Use this file to discover all available pages before exploring further.

In Slurm, COMPLETING is an interim state that occurs while the job epilog script and cleanup operations are running. If these cleanup operations fail, Slurm jobs may remain in the COMPLETING state indefinitely. In SUNK v6.8.0 and above, a built-in automation handles cleanup of jobs and nodes stuck in the COMPLETING state. For SUNK versions earlier than v6.8.0, follow the manual remediation steps in this guide to address a Slurm node stuck in COMPLETING.

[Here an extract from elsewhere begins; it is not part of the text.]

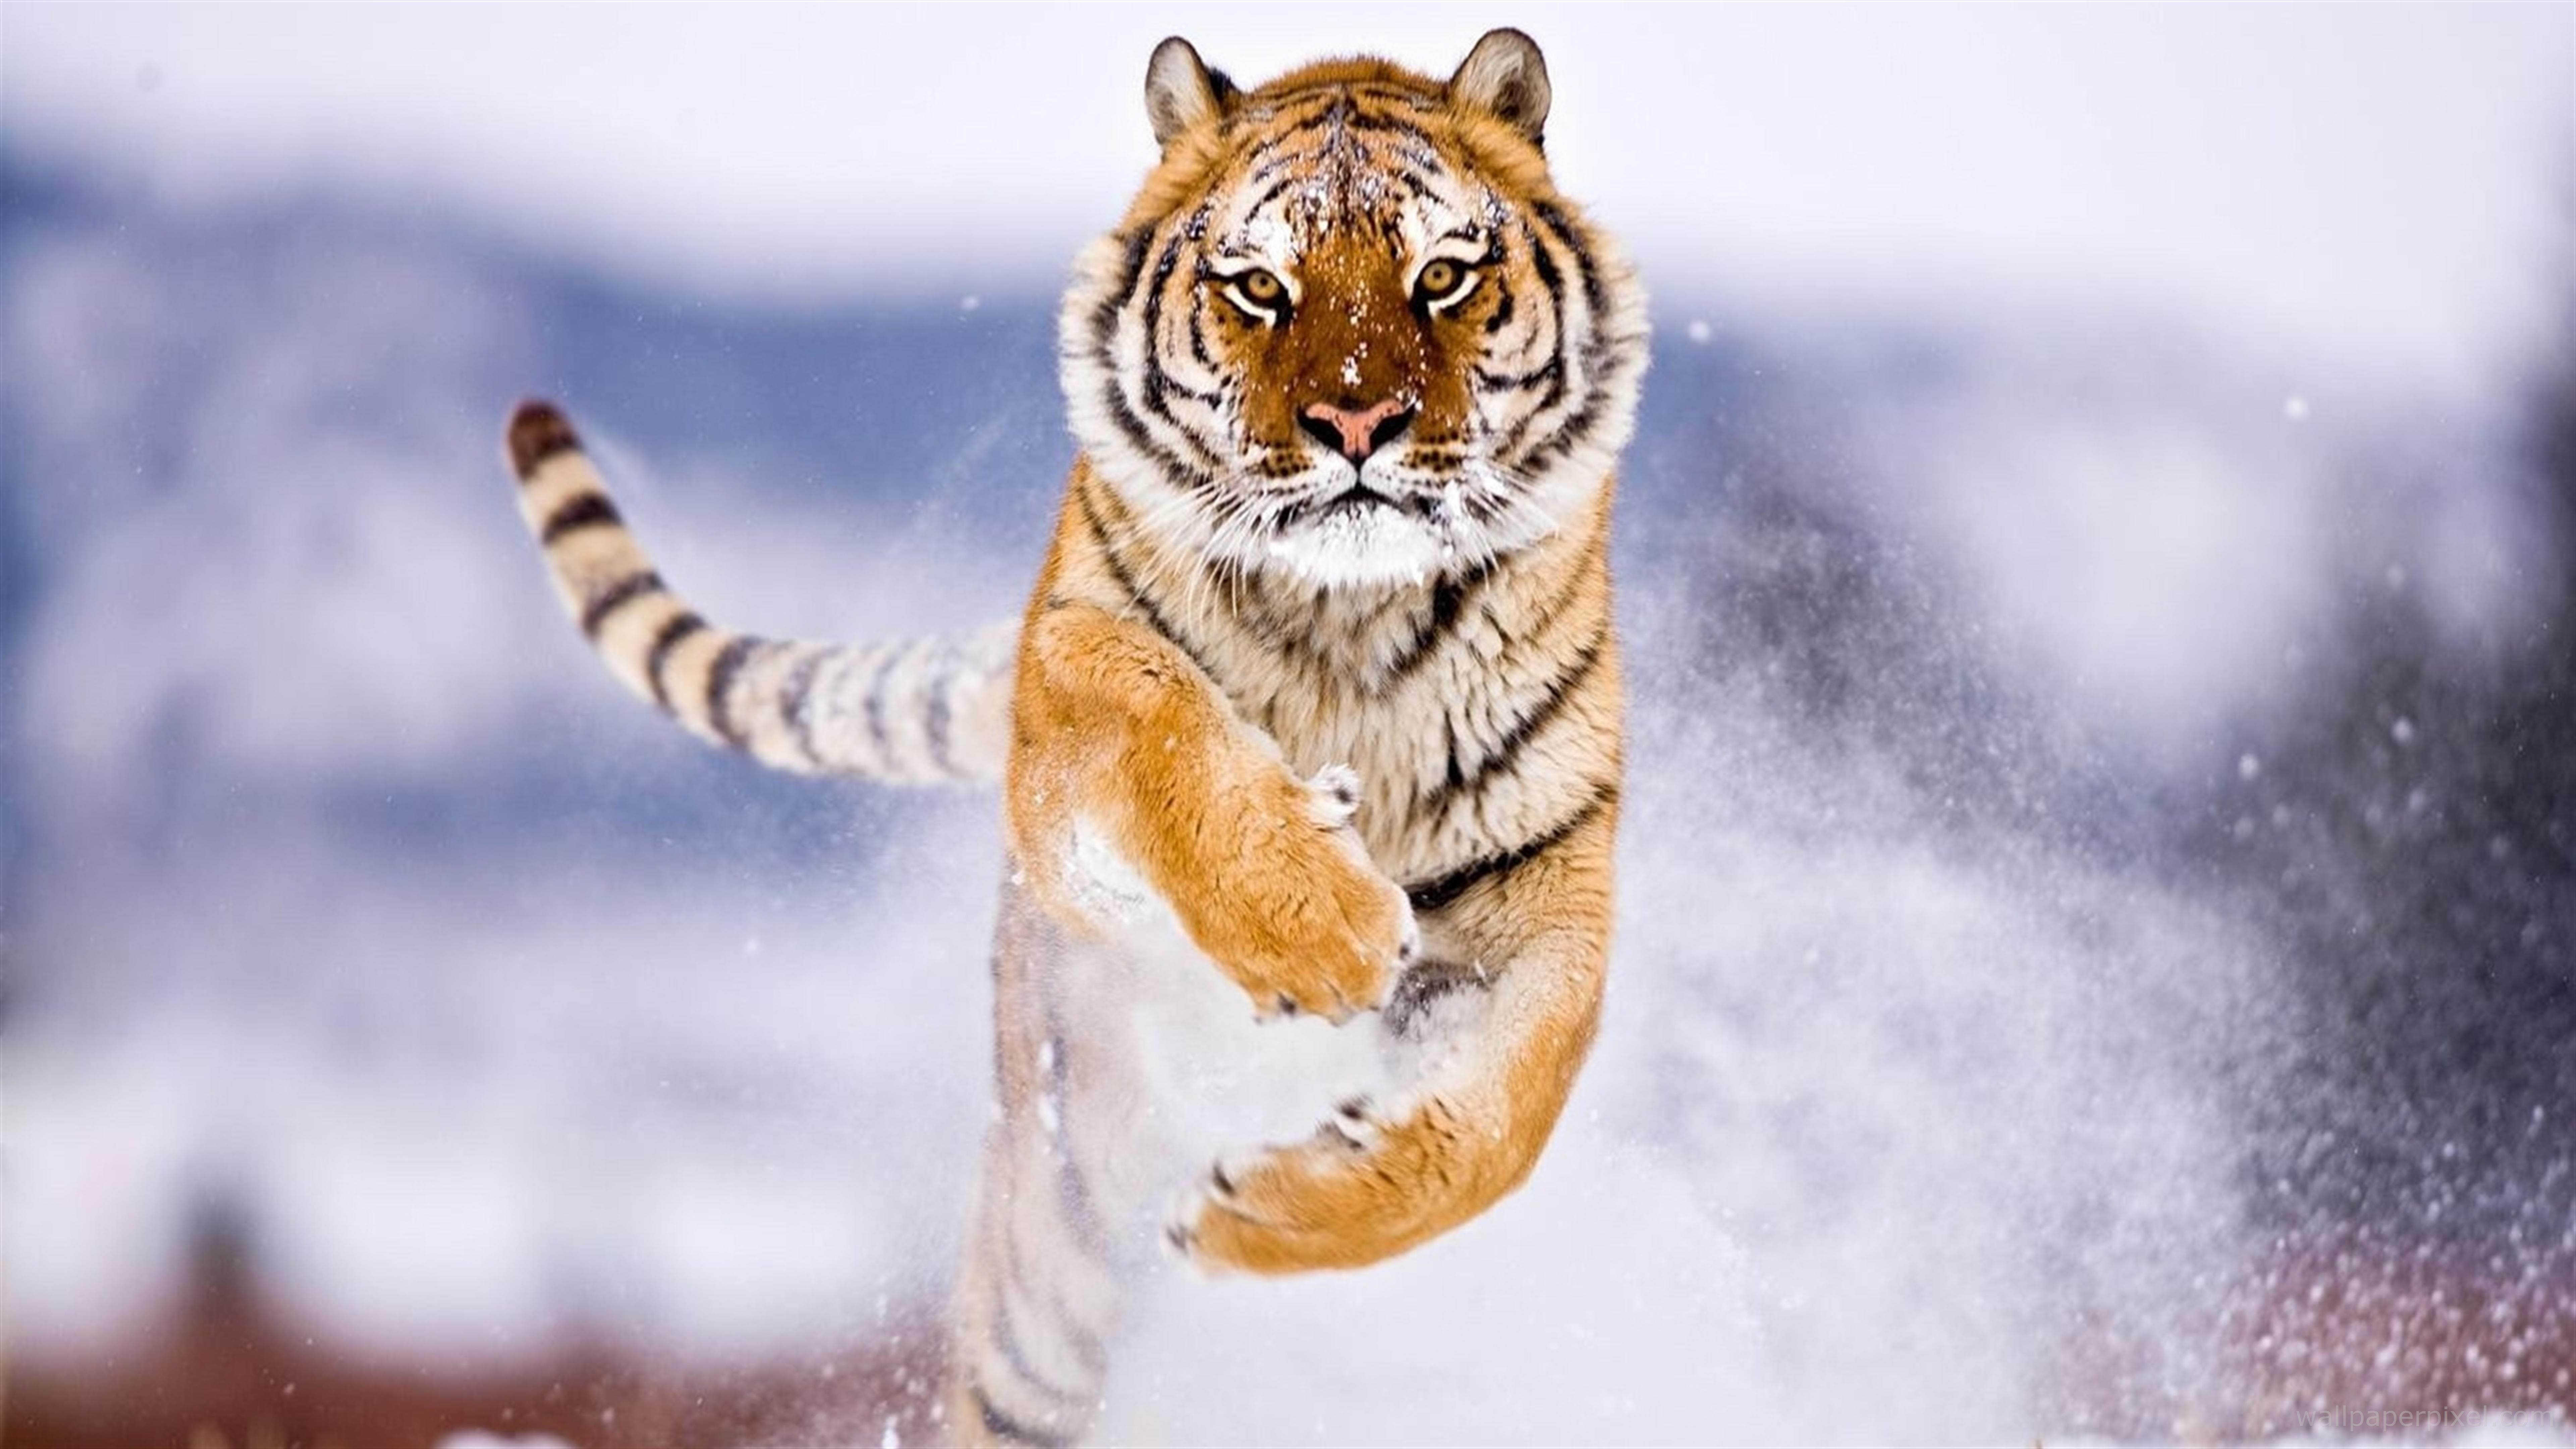 Tiger In Snow 8k HD 4k Wallpaper, Image, Background

Troubleshooting stuck nodes in SUNK v6.8.0 or below

Do not perform a sync with Argo during this process. Syncing with Argo will overwrite the in-cluster changes prematurely.
1

List the stuck nodes

Identify the job stuck in COMPLETING and fetch its associated node list, using the squeue command:
squeue -t CG -o "%.18i %.9P %.8j %.8u %.2t %.10M %.10L %R"
For more information about this and other Slurm commands, see CoreWeave’s documentation about monitoring Slurm node states and Slurm job states.
2

Set nodes to the DOWN state

For each node, use scontrol to set the node state to DOWN with the reason "cleanup completing", as follows:
scontrol update node=[NODENAME] state=DOWN reason="cleanup completing"
This step is necessary because Slurm’s default cleanup_completing logic only addresses nodes in the DOWN state.
3

For nodes in INVALID_REG

If the nodes are also in the INVALID_REG state, set them to DOWN as shown in the previous step.Delete the node from Slurm for a clean re-registration:
scontrol delete node=[NODENAME]
If scontrol delete returns Requested nodes are busy, the node is part of an active reservation. Remove the node from the reservation before deleting it, then add it back after the node re-registers:
  1. Identify the reservation the node belongs to:
    scontrol show node [NODENAME] | grep -i reserv
    
  2. Remove the node from the reservation:
    scontrol update ReservationName=[RESERVATION-NAME] Nodes-=[NODENAME]
    
  3. Delete the node:
    scontrol delete node=[NODENAME]
    
  4. After the node re-registers, add it back to the reservation:
    scontrol update ReservationName=[RESERVATION-NAME] Nodes=+[NODENAME]
    
After the impacted nodes are in the DOWN state, the Slurm job transitions from the COMPLETING state to the COMPLETED state. After a short time, the nodes will transition back to IDLE. If the node is DOWN and the Slurm job remains in the COMPLETING state, first try to cancel the job. If the Slurm job is still stuck in the COMPLETING state, reconfigure.
Last modified on April 27, 2026